Your assignment: Using the entries below, output exactly the lines from the one containing "Ketosene XLTM 30" through the final line, both included, and no others.

--- Supplied records Enclosed Below ---

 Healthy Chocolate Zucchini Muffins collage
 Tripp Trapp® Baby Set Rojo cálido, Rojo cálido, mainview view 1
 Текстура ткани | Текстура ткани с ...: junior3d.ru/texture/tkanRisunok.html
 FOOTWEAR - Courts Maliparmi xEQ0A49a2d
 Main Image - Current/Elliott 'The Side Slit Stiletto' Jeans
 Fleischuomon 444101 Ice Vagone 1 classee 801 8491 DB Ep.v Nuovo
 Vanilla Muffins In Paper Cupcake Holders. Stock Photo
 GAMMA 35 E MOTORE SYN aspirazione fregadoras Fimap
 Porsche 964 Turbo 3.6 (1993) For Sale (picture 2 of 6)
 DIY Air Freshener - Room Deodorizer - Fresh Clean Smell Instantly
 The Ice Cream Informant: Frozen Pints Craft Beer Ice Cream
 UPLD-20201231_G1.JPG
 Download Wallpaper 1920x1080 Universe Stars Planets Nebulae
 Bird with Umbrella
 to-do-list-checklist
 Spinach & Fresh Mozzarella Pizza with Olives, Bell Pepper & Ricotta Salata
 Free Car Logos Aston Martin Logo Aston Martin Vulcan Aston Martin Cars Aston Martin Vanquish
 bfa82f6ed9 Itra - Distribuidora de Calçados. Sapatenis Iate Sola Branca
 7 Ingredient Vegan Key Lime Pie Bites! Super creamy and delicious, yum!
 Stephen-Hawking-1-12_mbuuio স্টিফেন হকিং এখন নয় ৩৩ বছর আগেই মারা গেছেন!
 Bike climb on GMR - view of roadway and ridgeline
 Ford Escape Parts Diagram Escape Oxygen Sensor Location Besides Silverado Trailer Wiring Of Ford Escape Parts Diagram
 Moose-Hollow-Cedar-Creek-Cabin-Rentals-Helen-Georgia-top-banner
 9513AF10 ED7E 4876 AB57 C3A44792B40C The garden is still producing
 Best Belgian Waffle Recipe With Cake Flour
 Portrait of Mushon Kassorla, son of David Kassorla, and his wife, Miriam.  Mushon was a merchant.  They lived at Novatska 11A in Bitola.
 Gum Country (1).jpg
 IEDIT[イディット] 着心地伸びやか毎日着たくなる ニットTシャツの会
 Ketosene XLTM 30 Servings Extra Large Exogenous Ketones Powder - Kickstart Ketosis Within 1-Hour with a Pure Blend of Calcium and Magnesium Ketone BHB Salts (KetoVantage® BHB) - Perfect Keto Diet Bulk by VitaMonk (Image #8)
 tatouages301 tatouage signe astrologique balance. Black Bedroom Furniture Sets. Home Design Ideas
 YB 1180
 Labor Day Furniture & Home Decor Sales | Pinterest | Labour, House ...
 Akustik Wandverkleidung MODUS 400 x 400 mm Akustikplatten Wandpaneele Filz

--- End of Enclosed Supplied records ---

Your response:
 Ketosene XLTM 30 Servings Extra Large Exogenous Ketones Powder - Kickstart Ketosis Within 1-Hour with a Pure Blend of Calcium and Magnesium Ketone BHB Salts (KetoVantage® BHB) - Perfect Keto Diet Bulk by VitaMonk (Image #8)
 tatouages301 tatouage signe astrologique balance. Black Bedroom Furniture Sets. Home Design Ideas
 YB 1180
 Labor Day Furniture & Home Decor Sales | Pinterest | Labour, House ...
 Akustik Wandverkleidung MODUS 400 x 400 mm Akustikplatten Wandpaneele Filz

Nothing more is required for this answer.